Stock plan administration revenues result from our providing corporate customers with full-service assistance and software to manage
their employee stock benefit plans. The fluctuations in these revenues are a function of activity with customers, which has remained
fairly constant over the past three years.
The increase in payments for order flow from 2003 to 2004 was primarily due to the overall increase in trades and an increase in order
flow received on option trades. The decrease in payments for order flow from 2002 to 2003 was partially attributable to the
challenging environment that the listed market makers and specialists were operating under, which in turn, resulted in overall
reductions in payments for order flow.
Proprietary fund revenues represents a portion of the fees earned on customer balances held in money market funds.
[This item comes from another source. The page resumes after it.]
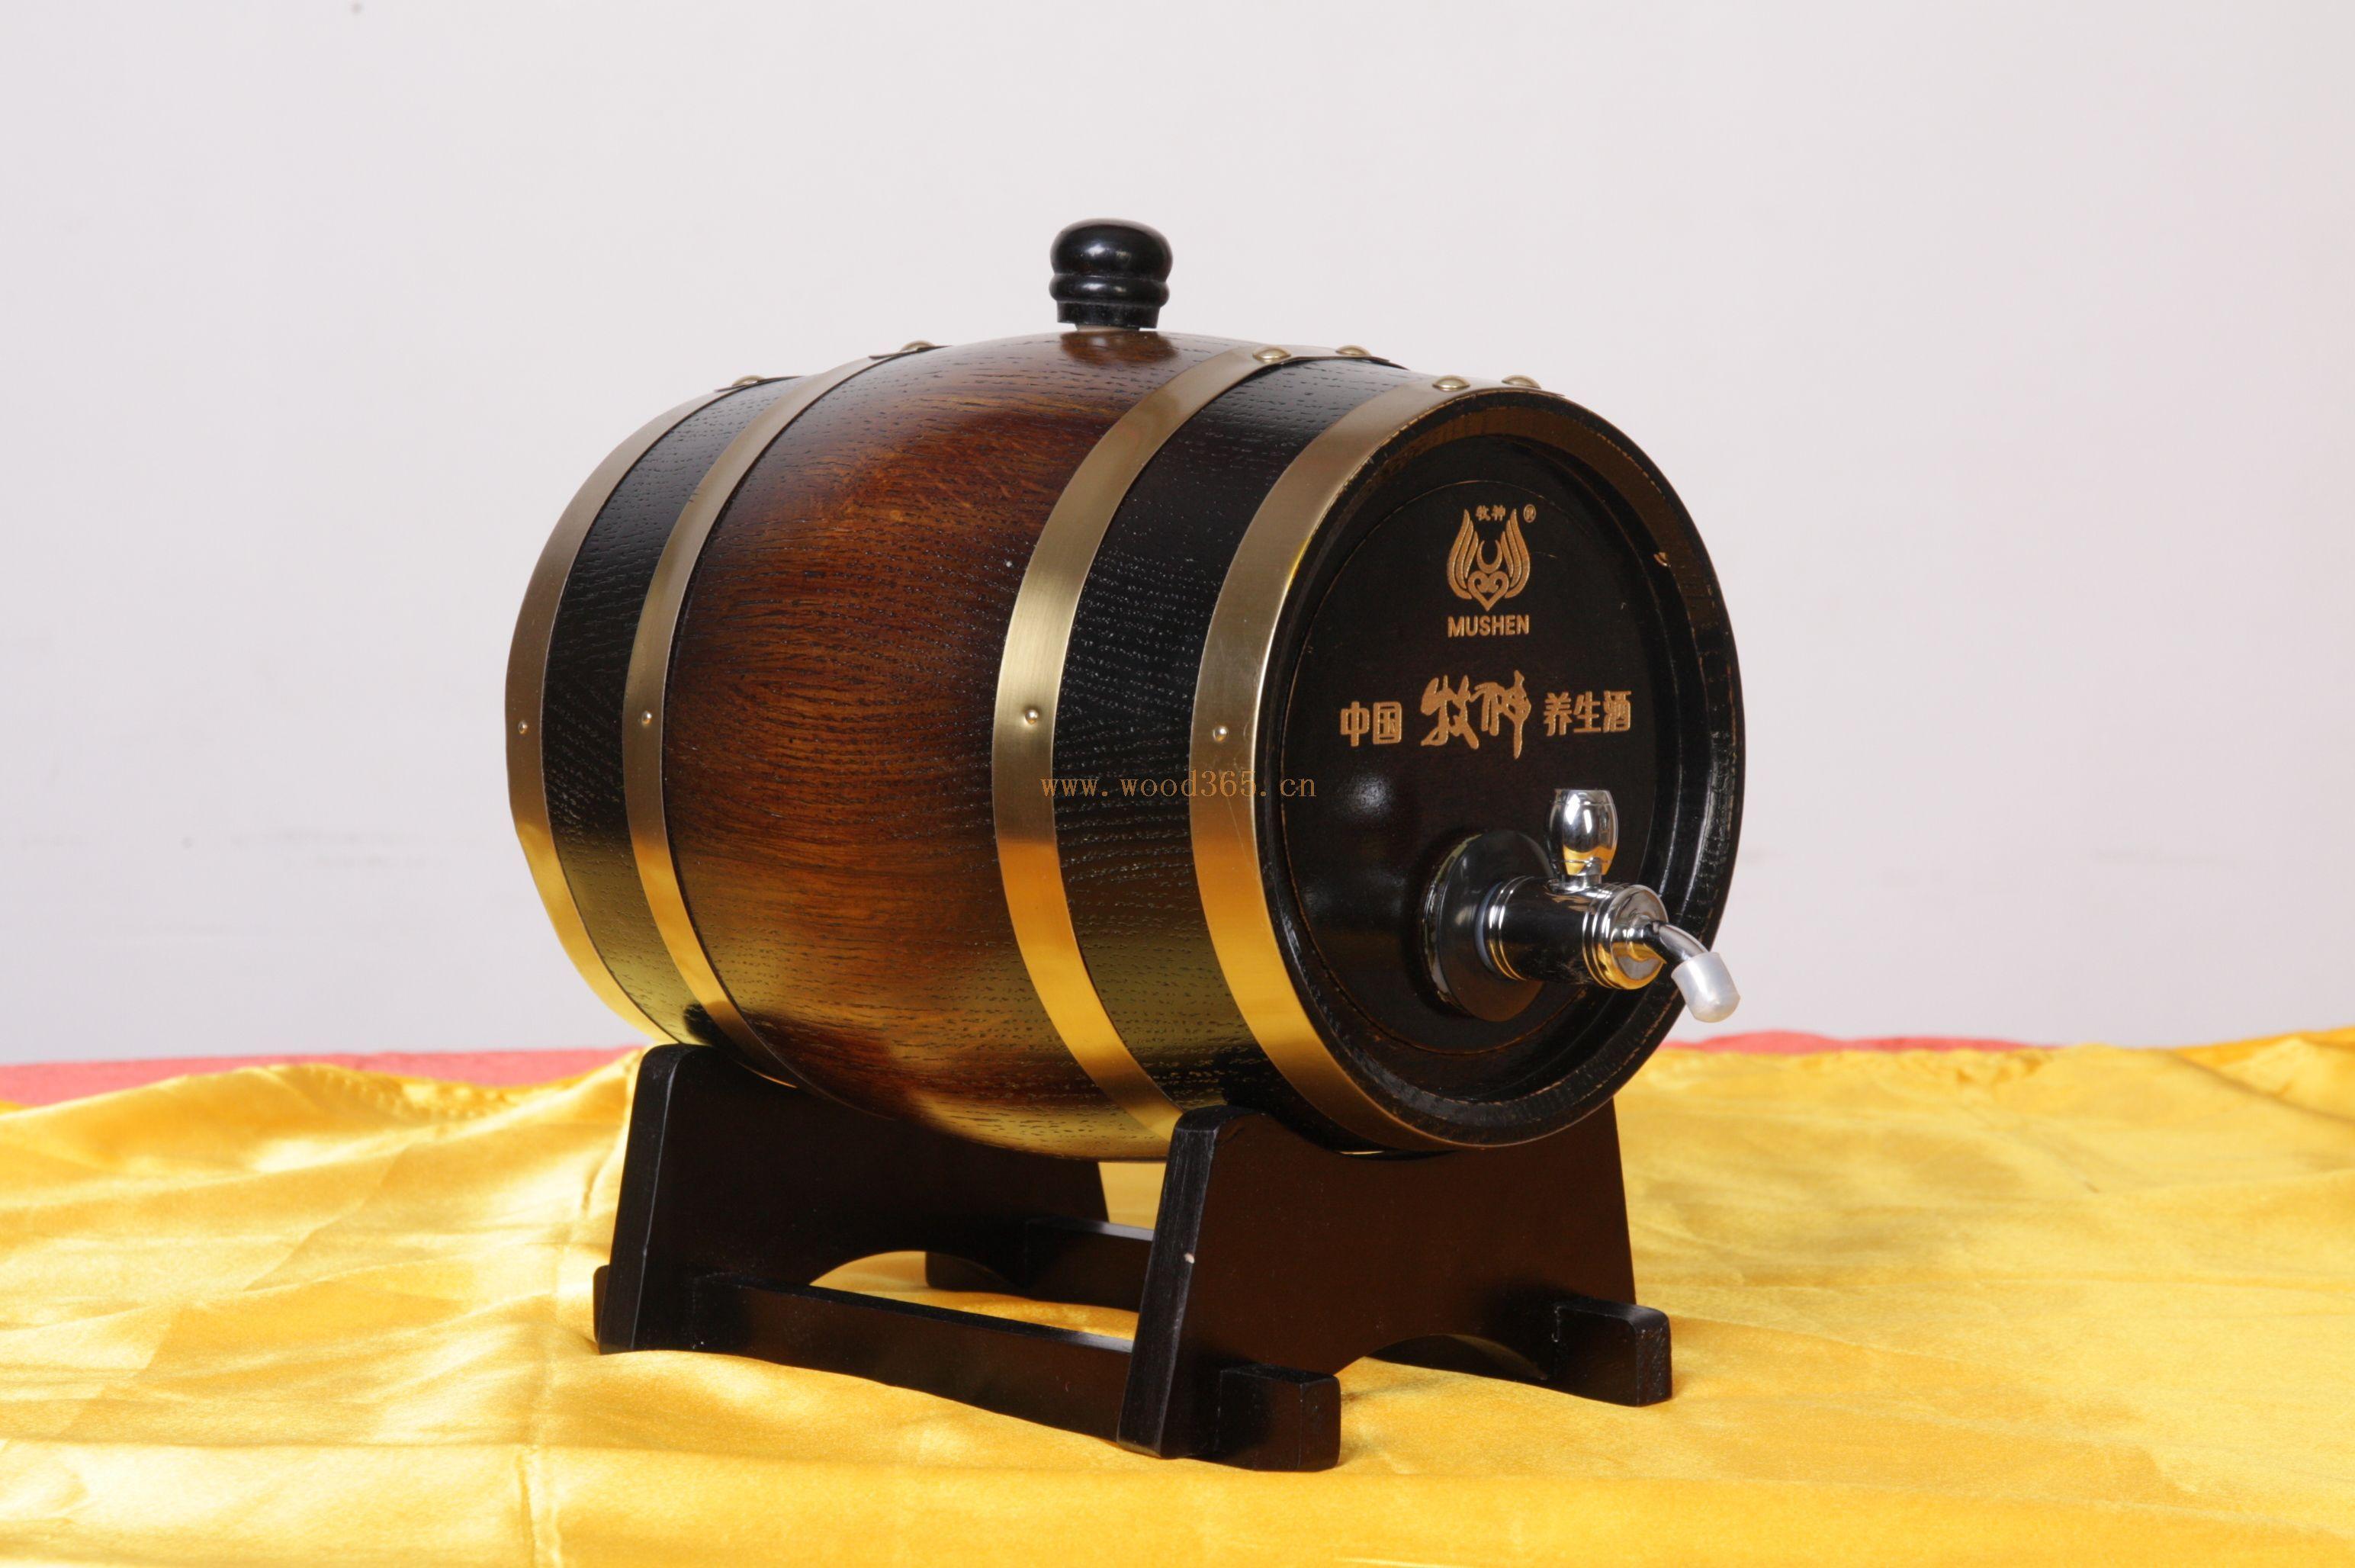 橡木桶,酒桶,木制酒盒
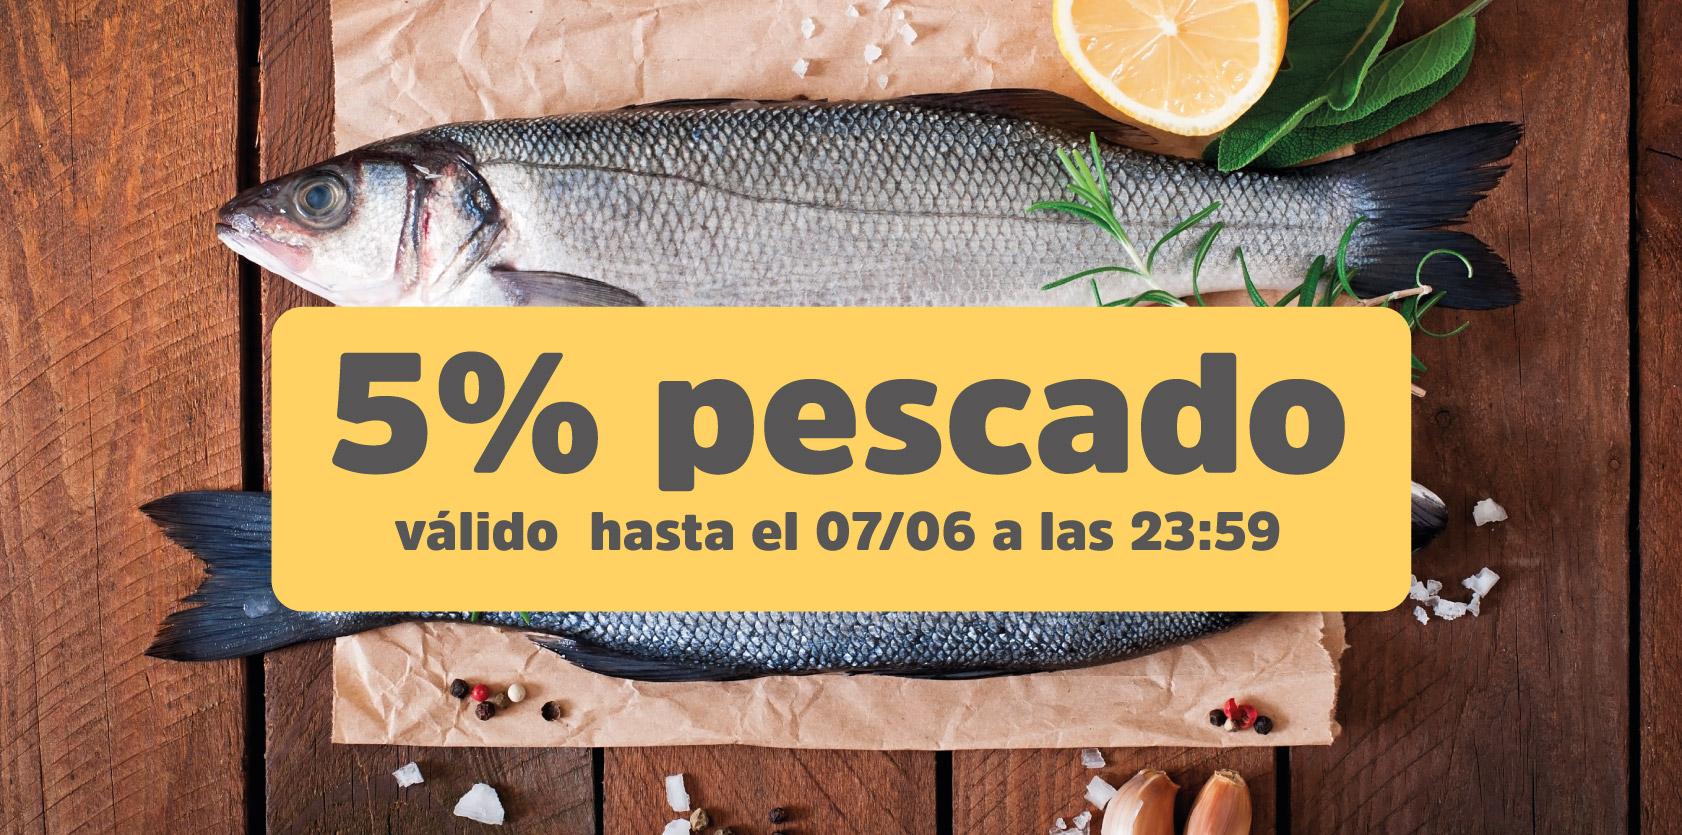 Comprar pescado en nuestra web tiene premio.

These revenues
decreased from 2003 to 2004 due to a decrease in customer average money market fund balances as customers moved funds to our
SDA product. In October 2002, the Company began managing more funds on its own versus putting its customers’ money in an
outside managed fund receiving management fees on these funds in lieu of interest. This change was the primary reason for the
increase from 2002 to 2003.
FX, or foreign exchange, margin revenue has increased over the past three years primarily related to the increased activity in employee
stock plans for our E*TRADE Corporate Services customers
international employees.
ECN rebate fees represent rebates received for providing liquidity on ECNs. Liquidity is generally added to an ECN when orders are
placed outside the current bid/ask price range for a particular security. ECN rebate fees decreased from 2003 to 2004 due to a decrease
in shares executed which was due to a less volatile securities market. ECN rebate fees increased from 2002 to 2003, as a result of our
acquisition of E*TRADE Professional in June 2002, which generates significant ECN rebate fees.
33
Other revenues comprise various brokerage-related service charges and fees charged to brokerage customers.